Problem description: In the listing beneath this line, copy exactly the lines starting with the one containing "russian-infographic-wso-wsd-2016" and going on through the one containing "Stone_Door_with_Wood_Grain.stl Download free".

Records for this exercise:
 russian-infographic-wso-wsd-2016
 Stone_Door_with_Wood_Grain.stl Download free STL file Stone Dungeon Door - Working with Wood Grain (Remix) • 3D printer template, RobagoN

==

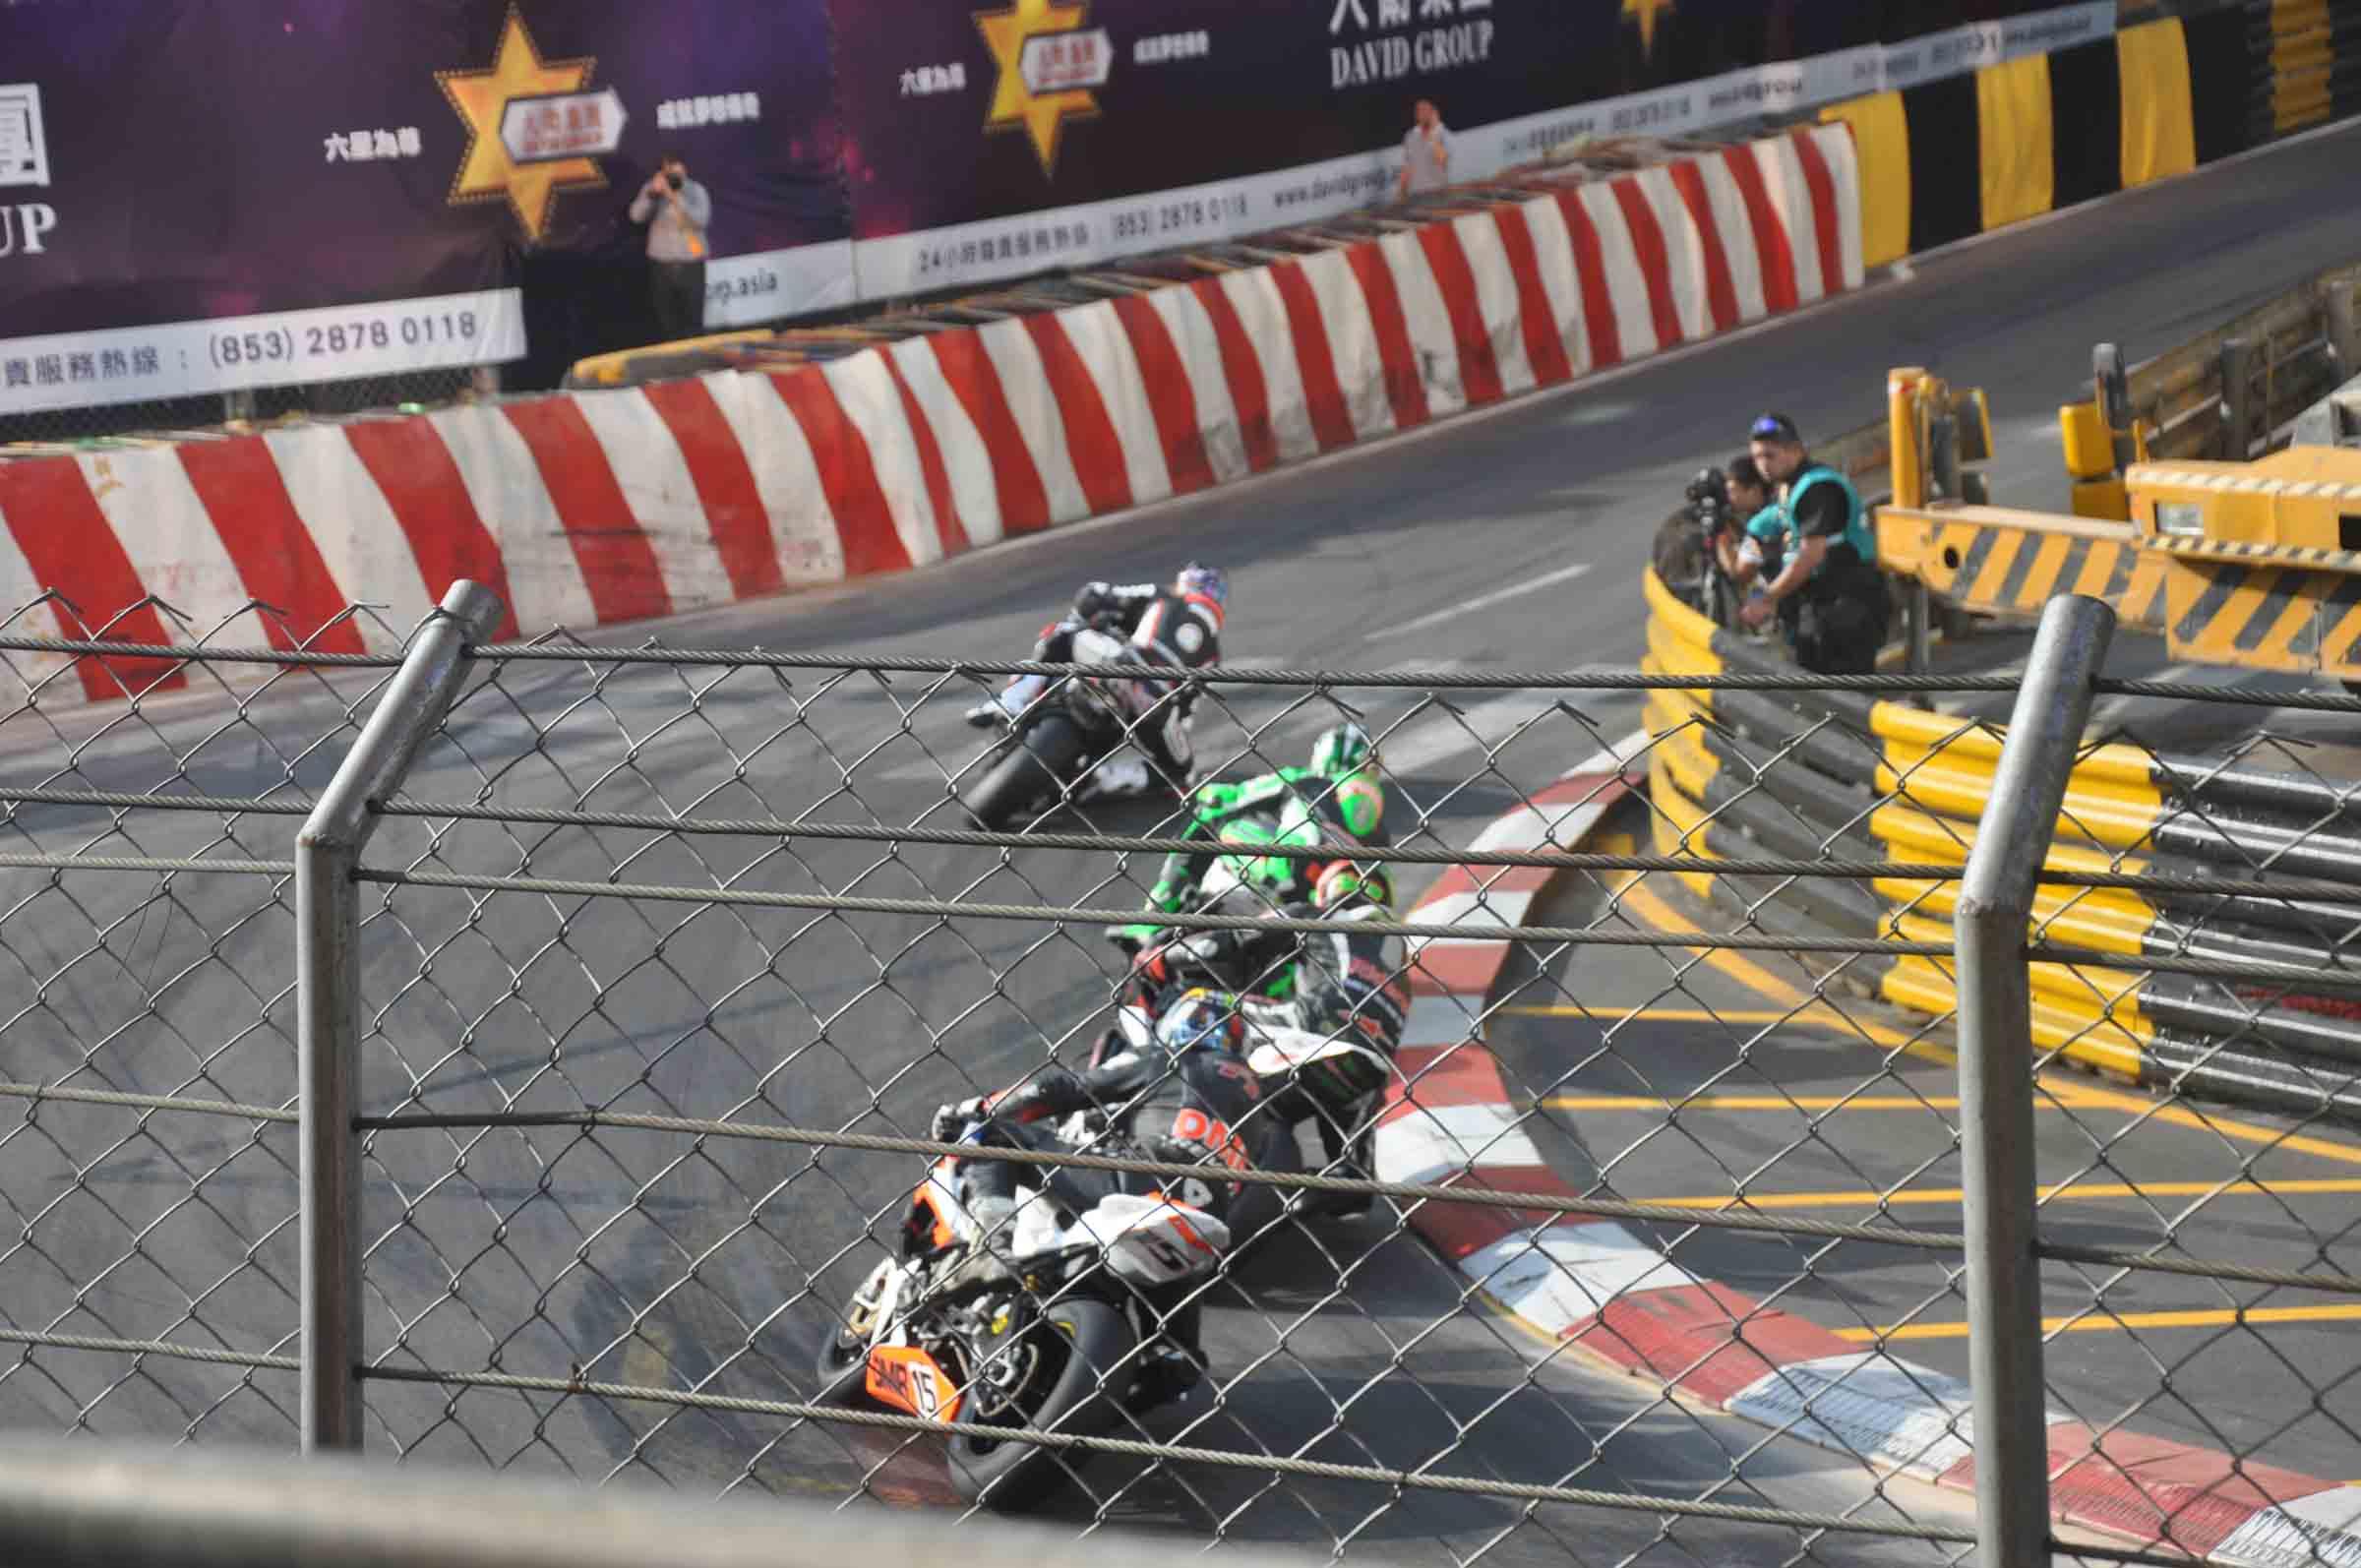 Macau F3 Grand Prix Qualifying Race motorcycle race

Answer area:
 russian-infographic-wso-wsd-2016
 Stone_Door_with_Wood_Grain.stl Download free STL file Stone Dungeon Door - Working with Wood Grain (Remix) • 3D printer template, RobagoN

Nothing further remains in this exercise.